**Dataset excerpt:**
--

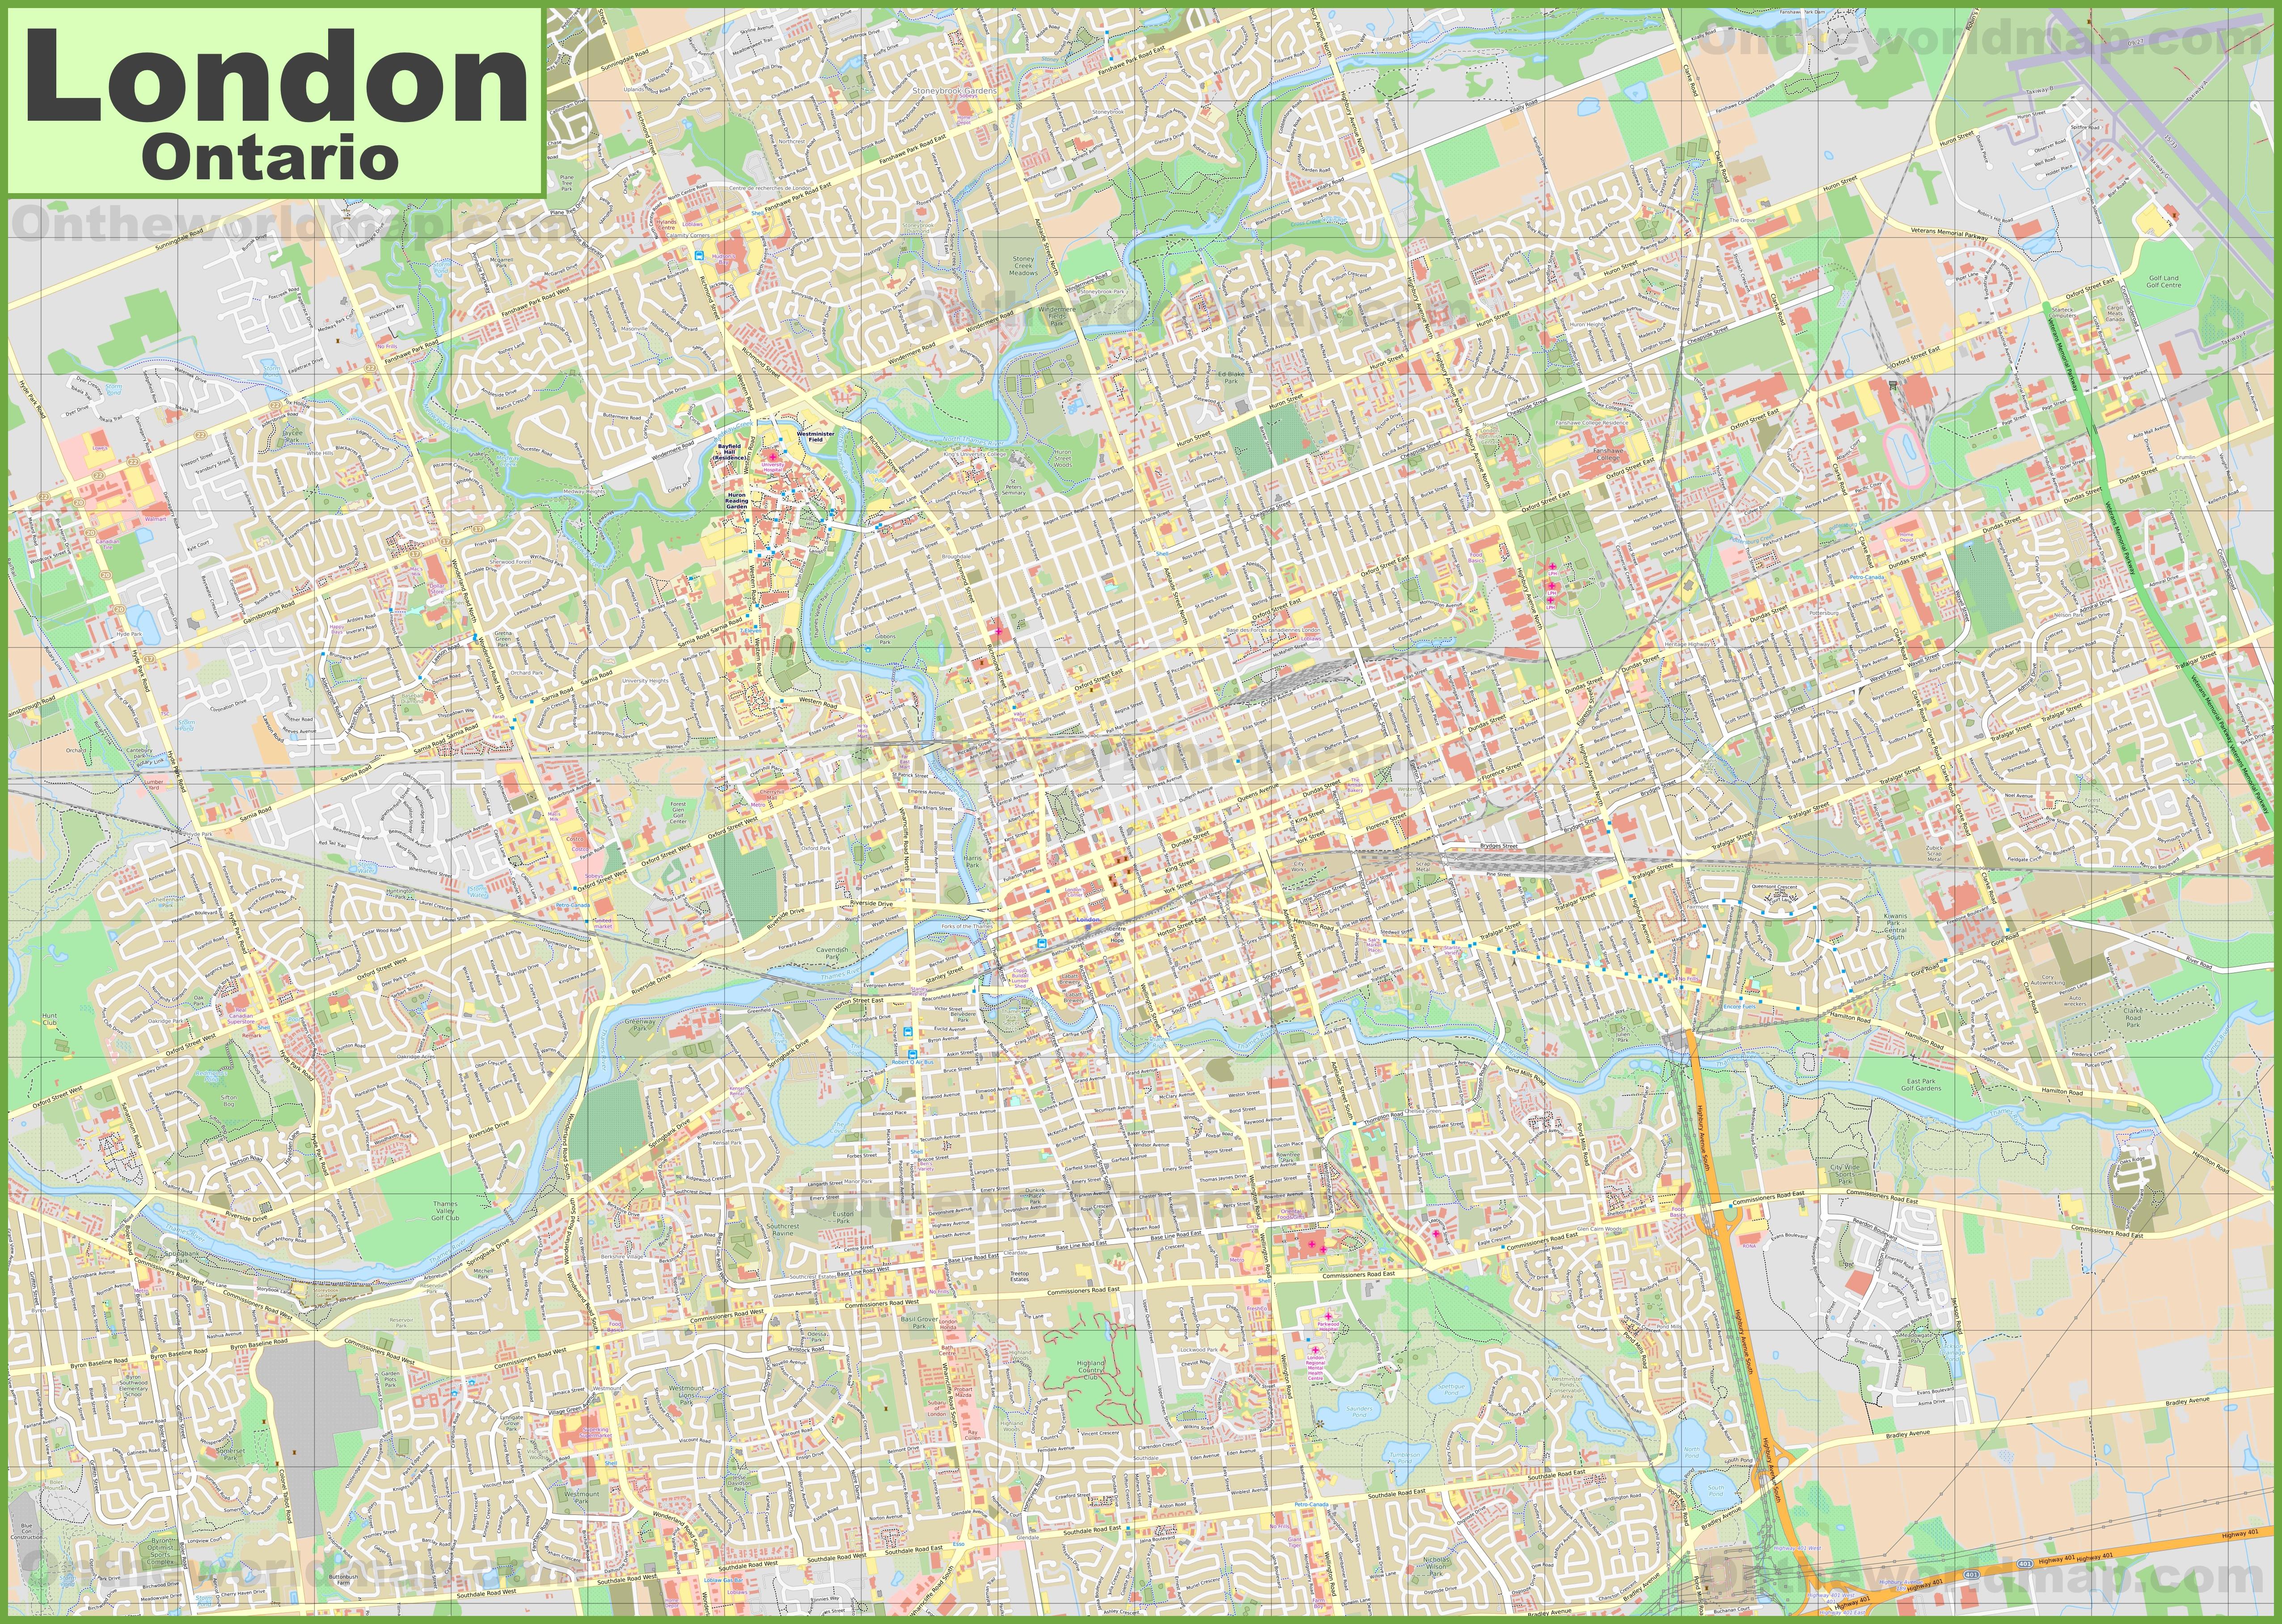 London Ontario Map Large detailed map of London (Ontario) London Ontario Map
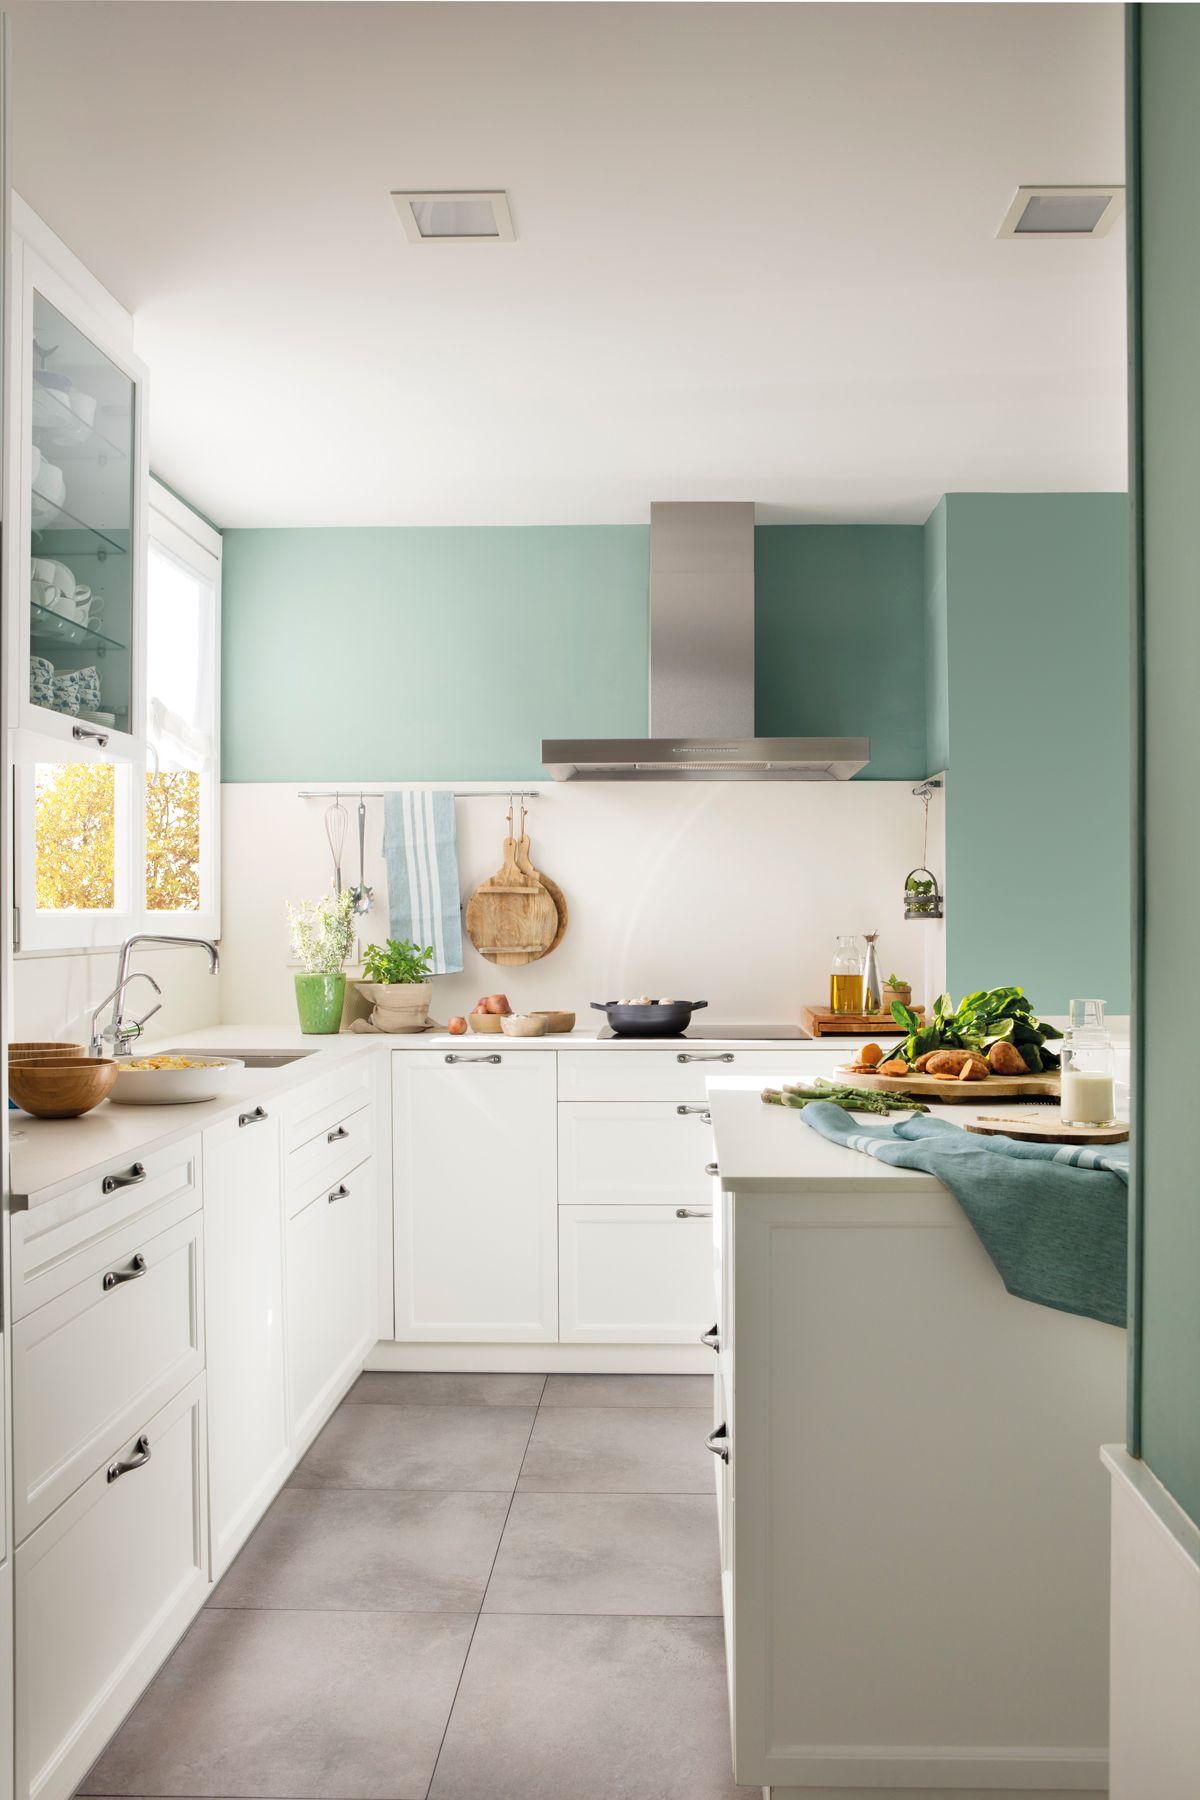 Muebles de cocina - ElMueble | Paredes pintadas de verde, Cocina ...
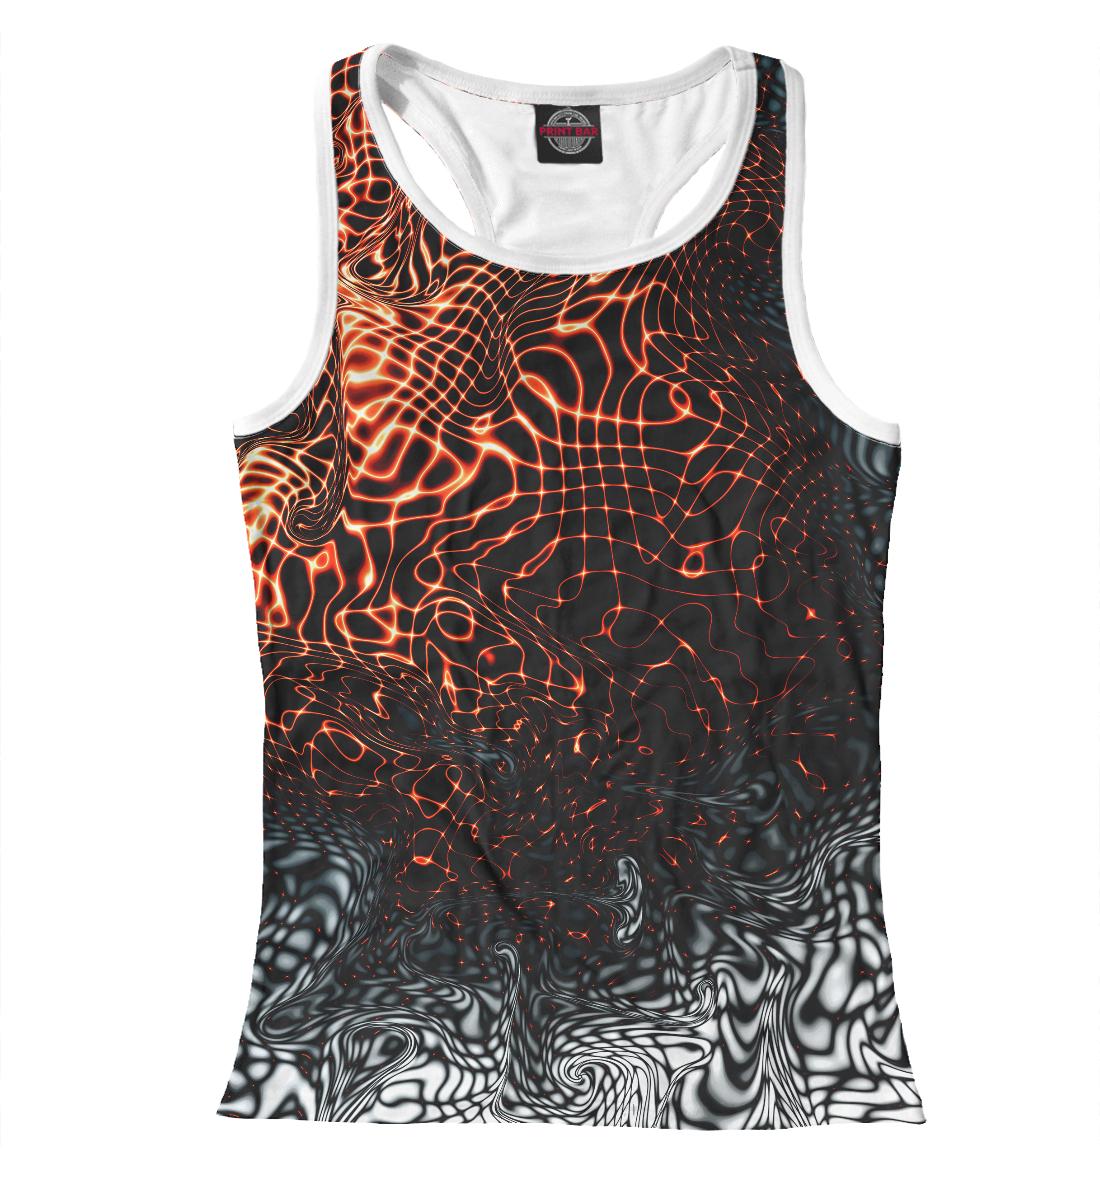 Купить Molted lava, Printbar, Майки борцовки, APD-985735-mayb-1

--

**Required action:**
Word for word, restate the whole listing and drop the images.

**Result of this task:**
 London Ontario Map Large detailed map of London (Ontario) London Ontario Map
 Muebles de cocina - ElMueble | Paredes pintadas de verde, Cocina ...
 Купить Molted lava, Printbar, Майки борцовки, APD-985735-mayb-1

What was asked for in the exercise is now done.